Directions for this task —
The answer should hold every line of the listing, unchanged and free of images.

Data block —
● ● ● ● ● ● ●

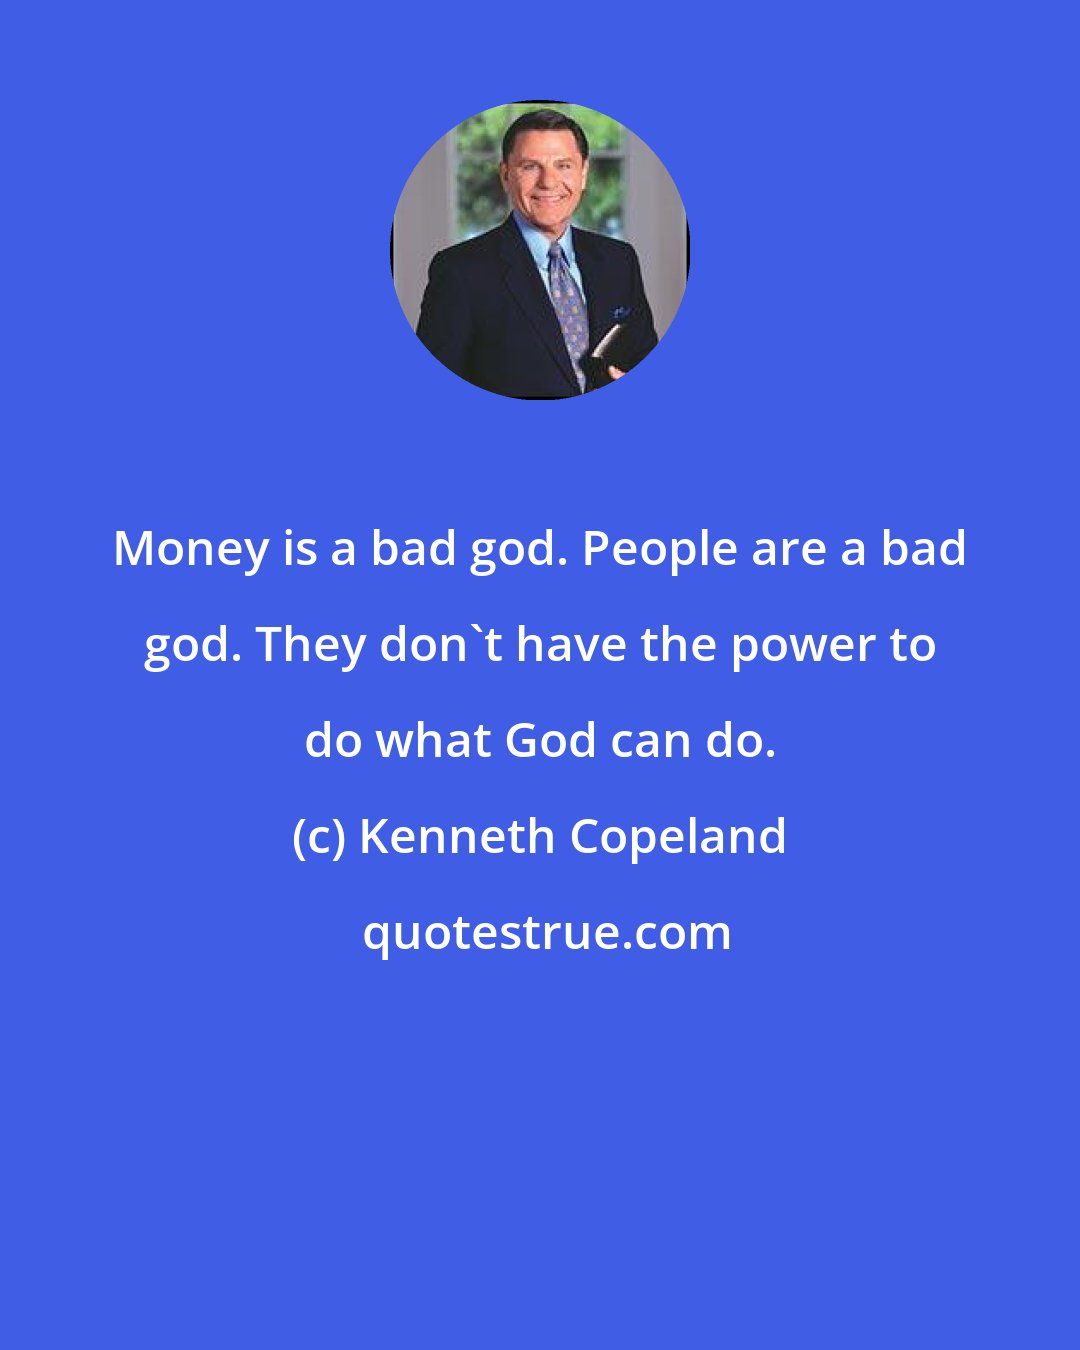 Kenneth Copeland: Money is a bad god. People are a bad god. They don't have the power to do what God can do.
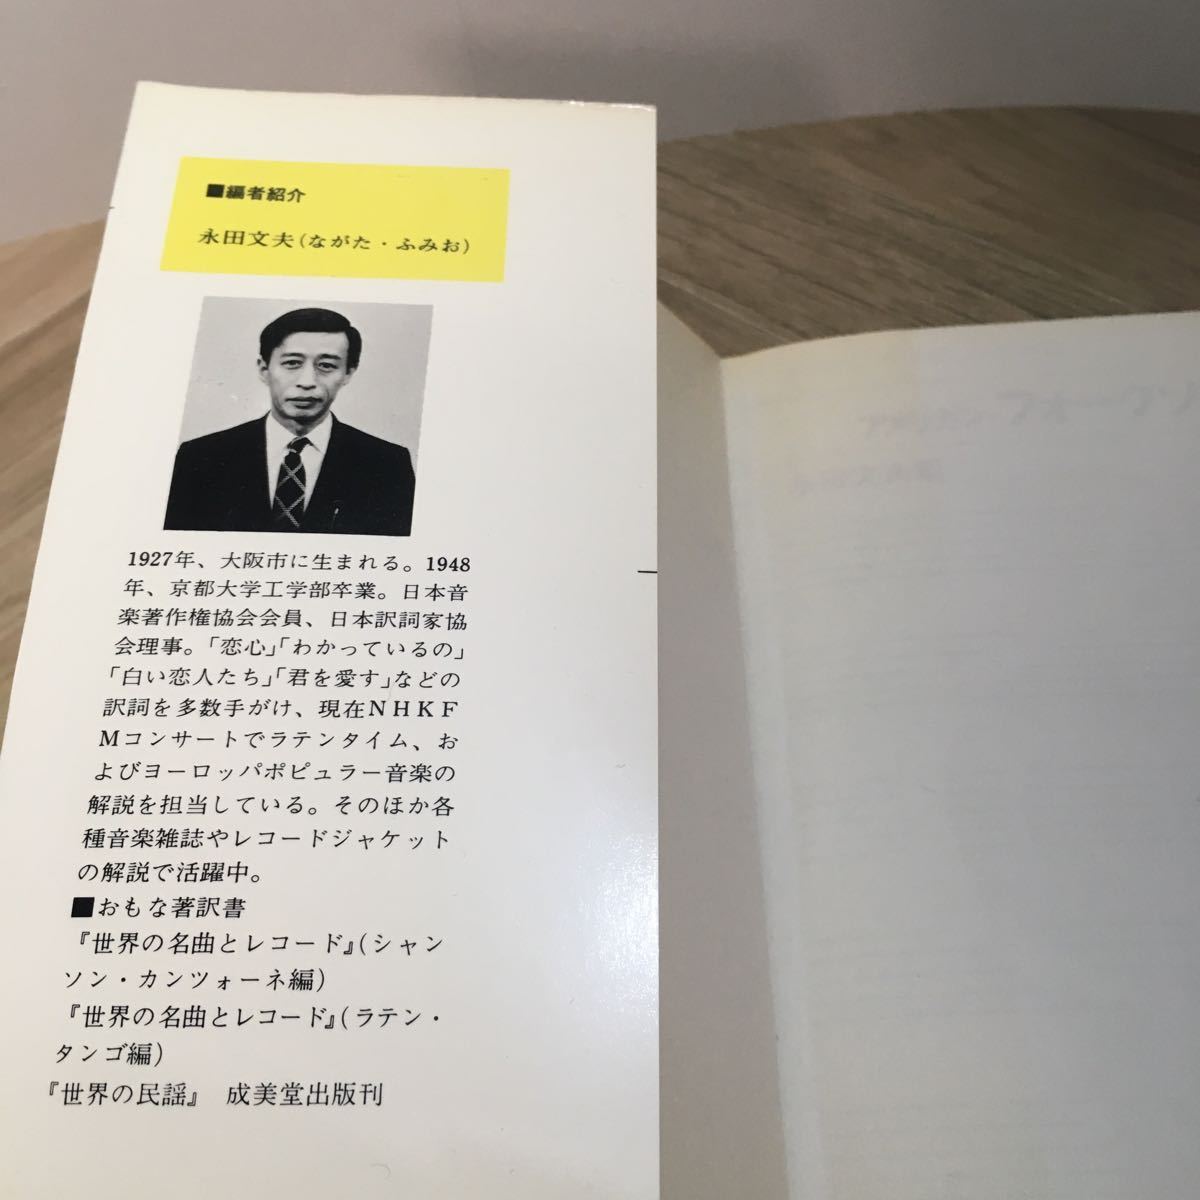 105a●SEIBIDO SONG BOOKS フォークソング／アメリカン・フォークソング 永田文夫編 2冊セット 成美堂出版　楽譜 歌詞本_画像6
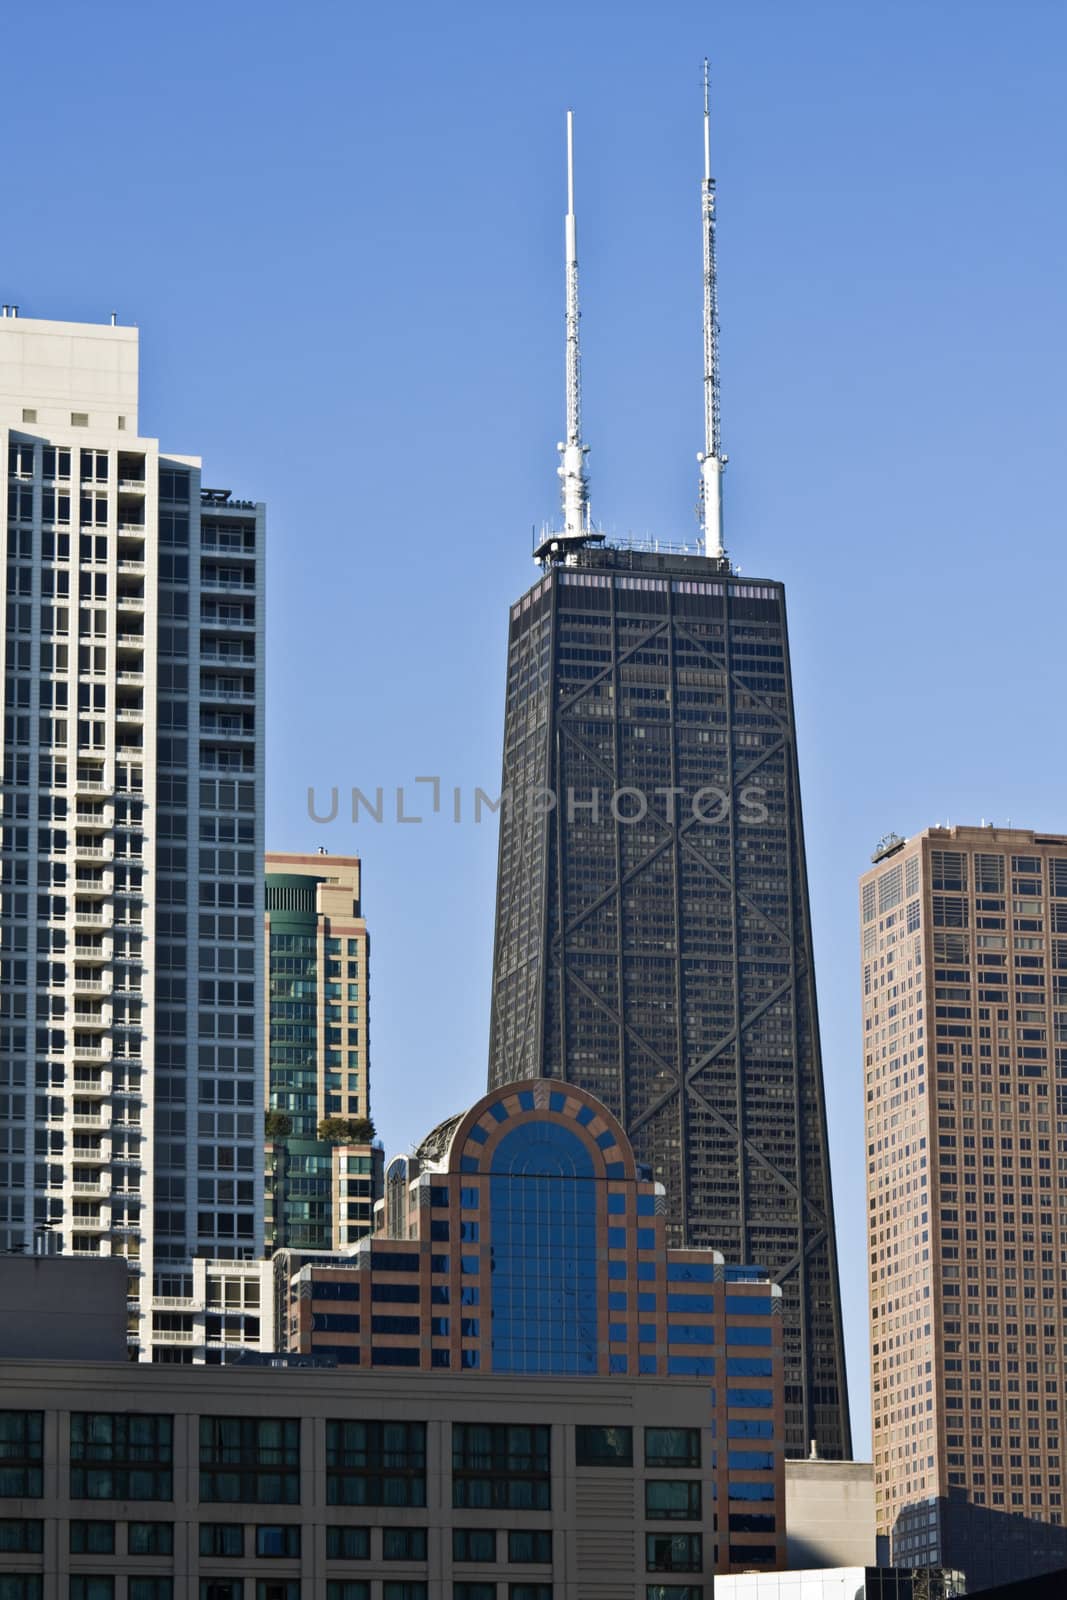 Hancock betweetn other buildings - Chicago, IL.

● ● ● ● ● ● ●

Task solution —
 Kenneth Copeland: Money is a bad god. People are a bad god. They don't have the power to do what God can do.
 105a●SEIBIDO SONG BOOKS フォークソング／アメリカン・フォークソング 永田文夫編 2冊セット 成美堂出版　楽譜 歌詞本_画像6
 Hancock betweetn other buildings - Chicago, IL.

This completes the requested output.